Ernst Meissner and Friedrich Schilling showed how to modify the Reuleaux tetrahedron to form a surface of constant width, by replacing three of its edge arcs by curved patches formed as the surfaces of rotation of a circular arc. According to which three edge arcs are replaced (three that have a common vertex or three that form a triangle) there result two noncongruent shapes that are sometimes called Meissner bodies or Meissner tetrahedra.

Unsolved problem in mathematics: Are the two Meissner tetrahedra the minimum-volume three-dimensional shapes of constant width?

Bonnesen and Fenchel conjectured that Meissner tetrahedra are the minimum-volume three-dimensional shapes of constant width, a conjecture which is still open.
In 2011 Anciaux and Guilfoyle
proved that the minimizer must consist of pieces of spheres and tubes over curves, which, being true for the Meissner tetrahedra, supports the conjecture.
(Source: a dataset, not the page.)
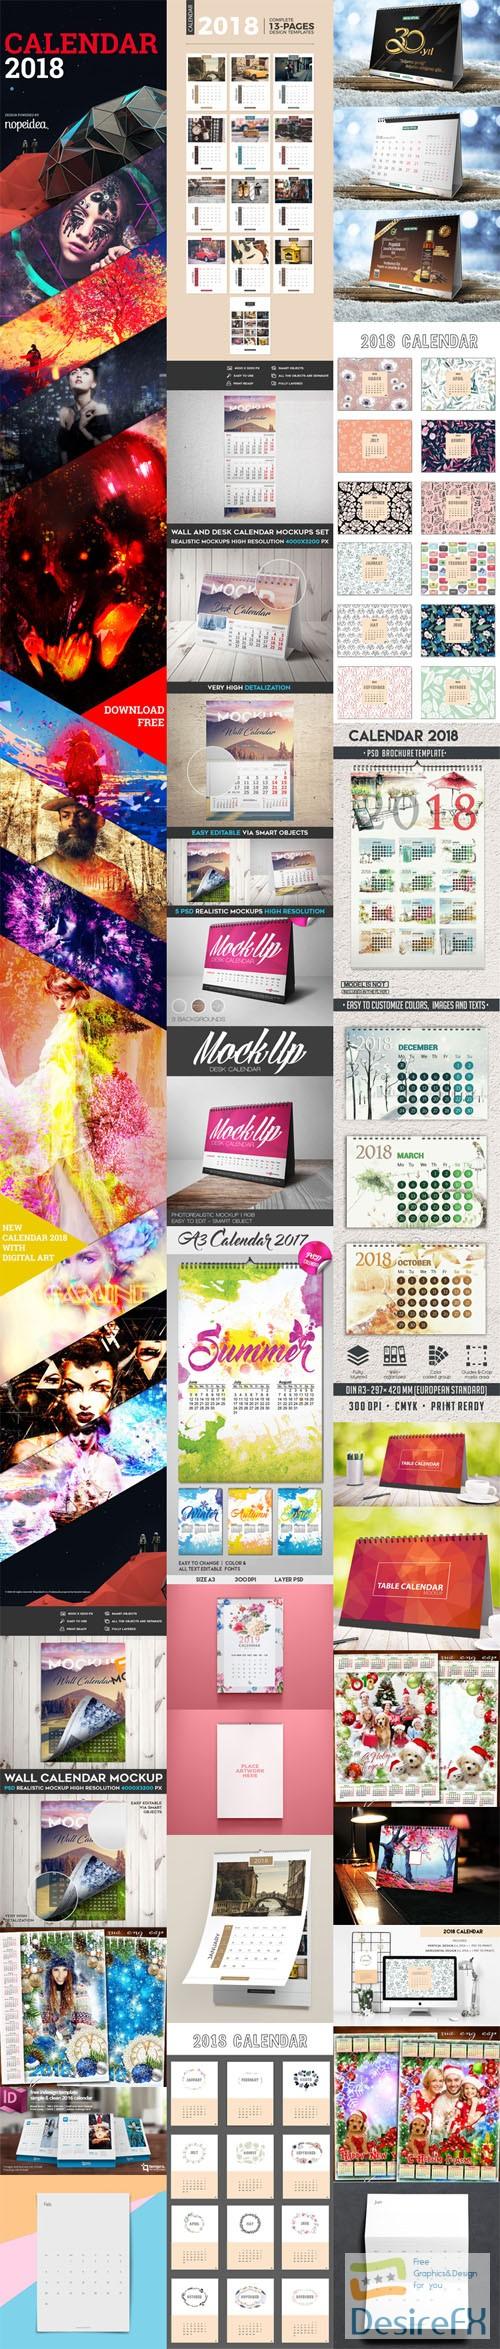 mock-up - Calendar Templates & Mockups Collection [PSD/Ai/Indd/PDF]
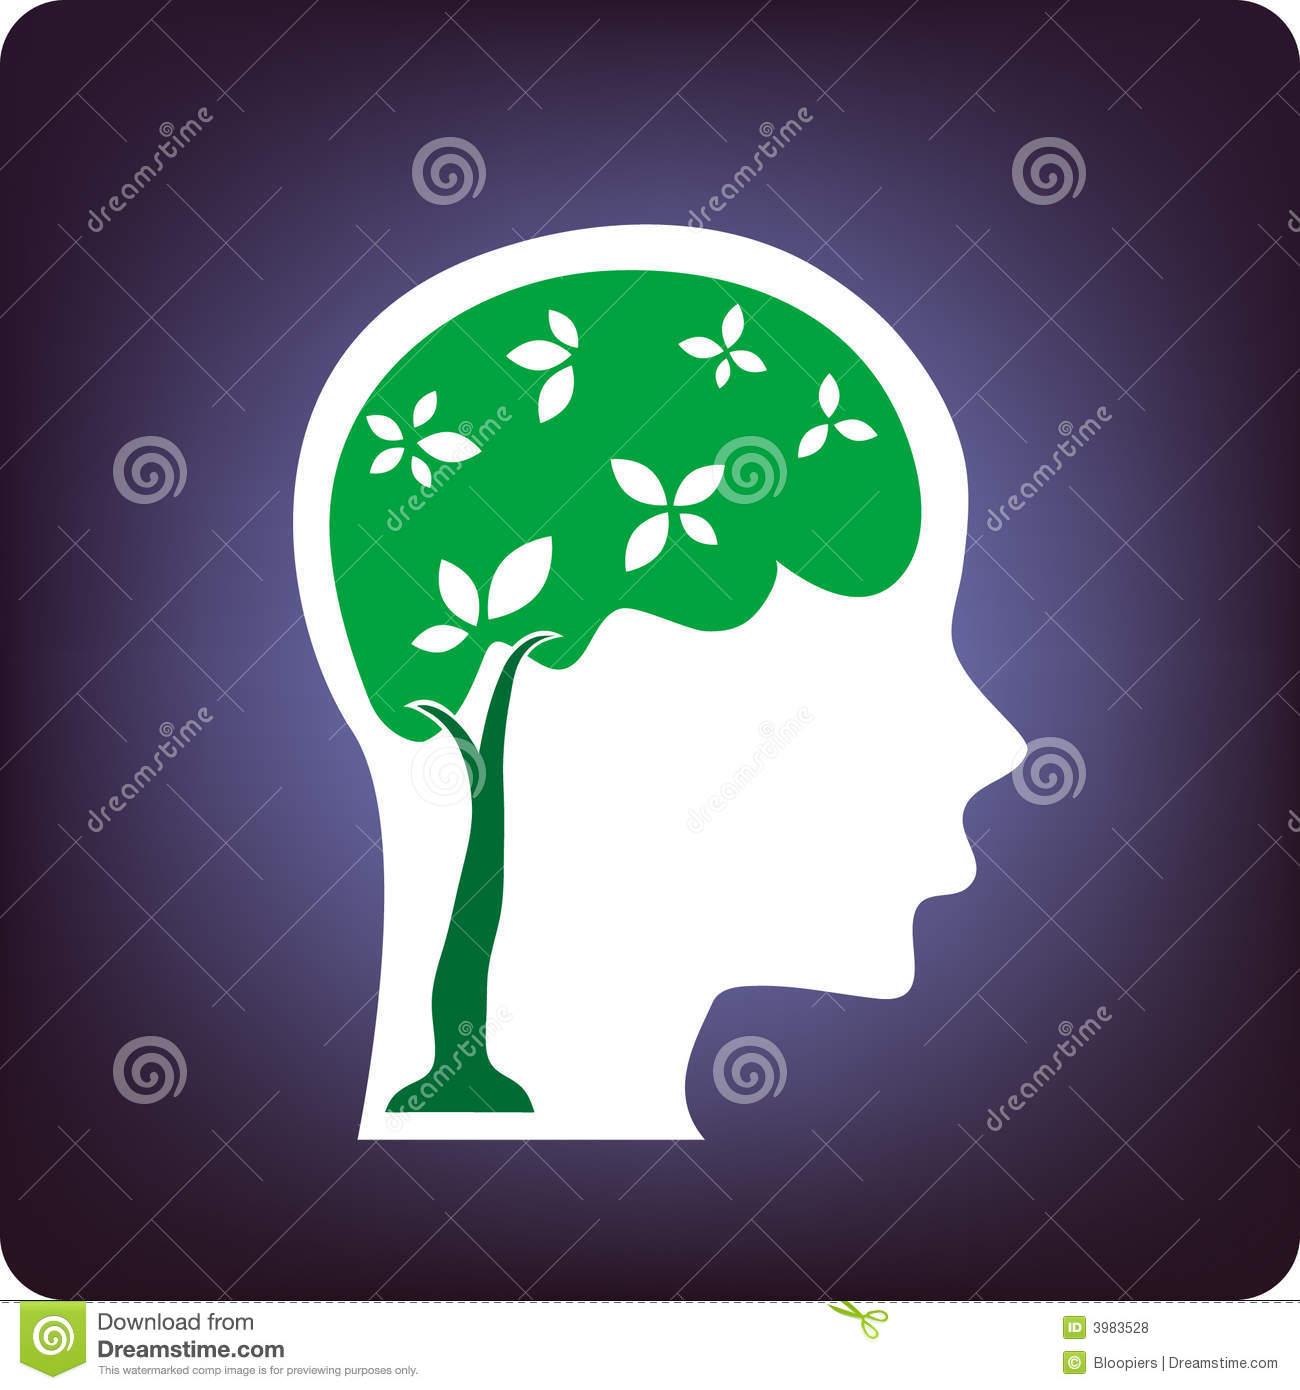 Growing Brain Royalty Free Stock Photos.

In connection with this problem, Campi, Colesanti and Gronchi showed that the minimum-volume surface of revolution with constant width is the surface of revolution of a Reuleaux triangle through one of its symmetry axes.

Man Ray's painting Hamlet was based on a photograph he took of a Meissner tetrahedron, which he thought of as resembling both Yorick's skull and Ophelia's breast from Shakespeare's Hamlet.